ATTENDANCE at a Pontpool primary school shows “little sign of improvement” and staff are uncertain of child protection procedures, the schools inspectorate, Estyn, has said as it placed the school under monitoring.
The 593-pupil New Inn Primary School has one of the lowest school budgets per pupil in Torfaen, at 27th out of 29 schools, but the school’s performance “has strengths that outweigh areas for improvement”, inspectors said.
Both its current performance and prospects for improvement were dubbed “adequate” but outcomes were found to be “good”.
Inspectors will now visit more regularly to check whether or not recommendations are being put in place.

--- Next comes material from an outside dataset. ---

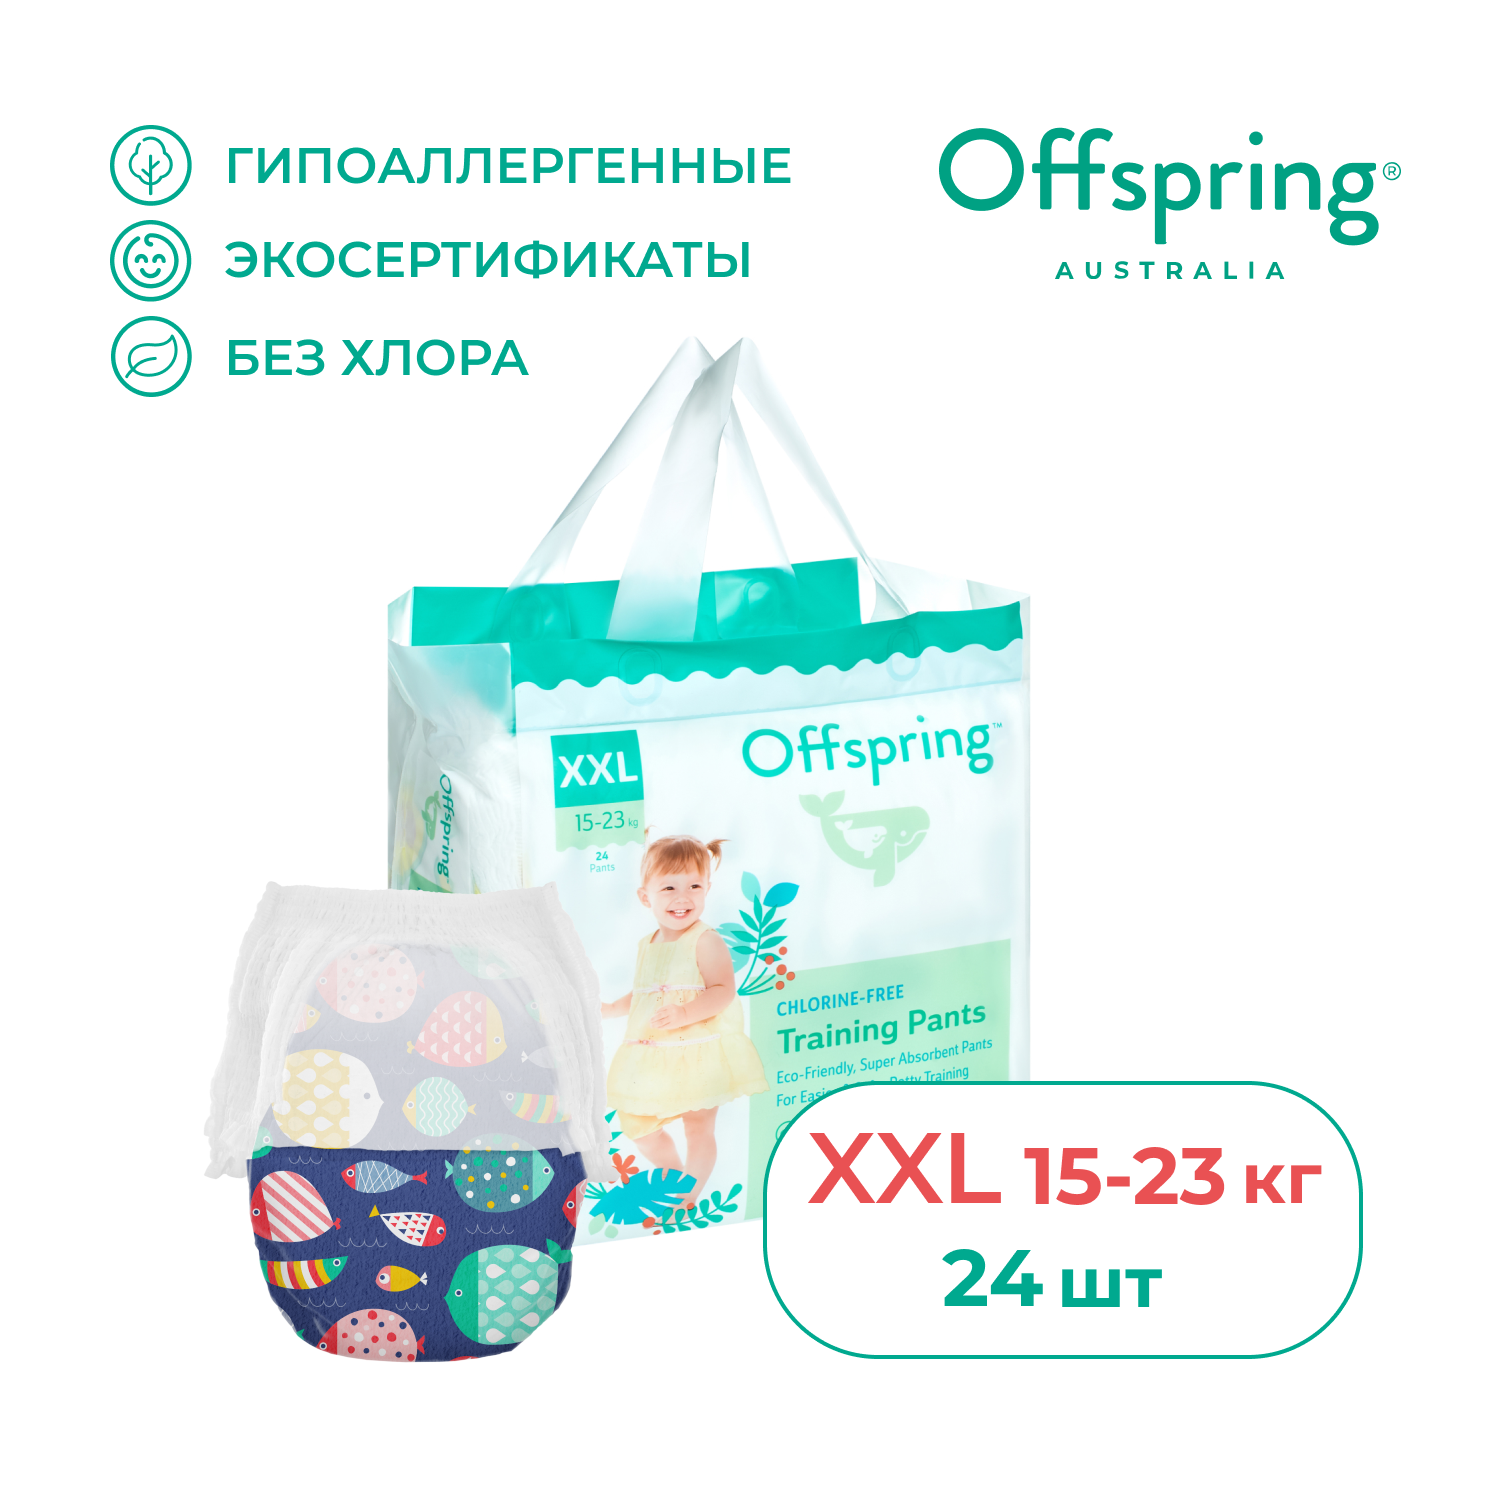 Трусики-подгузники Offspring XXL 15-23 кг 24 шт расцветка Рыбки - фото 1

According to the most recent Estyn inspection report, published last week, most pupils develop literacy and numeracy skills in line with their age and ability; have a positive attitude to their work and show high levels of responsibility; and behaviour is good.
The school is a fully inclusive community where “all are treated equally and with respect”, and a recent focus on improving the learning environment has “provided more stimulating and exciting opportunities for pupils to learn”, inspectors found.
But attendance has been in the bottom quartile for similar schools for the last two years and shows “little sign of improvement”, they said, adding that there are inconsistencies in practice in providing feedback to pupils.
Staff are uncertain of child protection procedures, and reports to parents in Years 3 to 6 do not meet requirements, the report found.
It said the head teacher has begun to create a culture of school improvement, there are effective systems in place for performance management, and the head teacher and senior leaders have begun to evaluate more rigorously the school’s standards and provision.
But senior leaders have not had enough time to embed initiatives fully to measure impact, and the governing body does not challenge the school well enough as a critical friend.
Inspectors said the school was to be placed under Estyn monitoring and must improve pupils’ standards in Welsh and attendance; ensure teachers plan and deliver activities suitable for all abilities; improve the consistency and quality of feedback to pupils; make sure that all staff are confident in dealing with child protection issues; ensure that self-evaluation is based securely on a wide range of evidence; and address the shortcoming in key stage 2 reports to parents.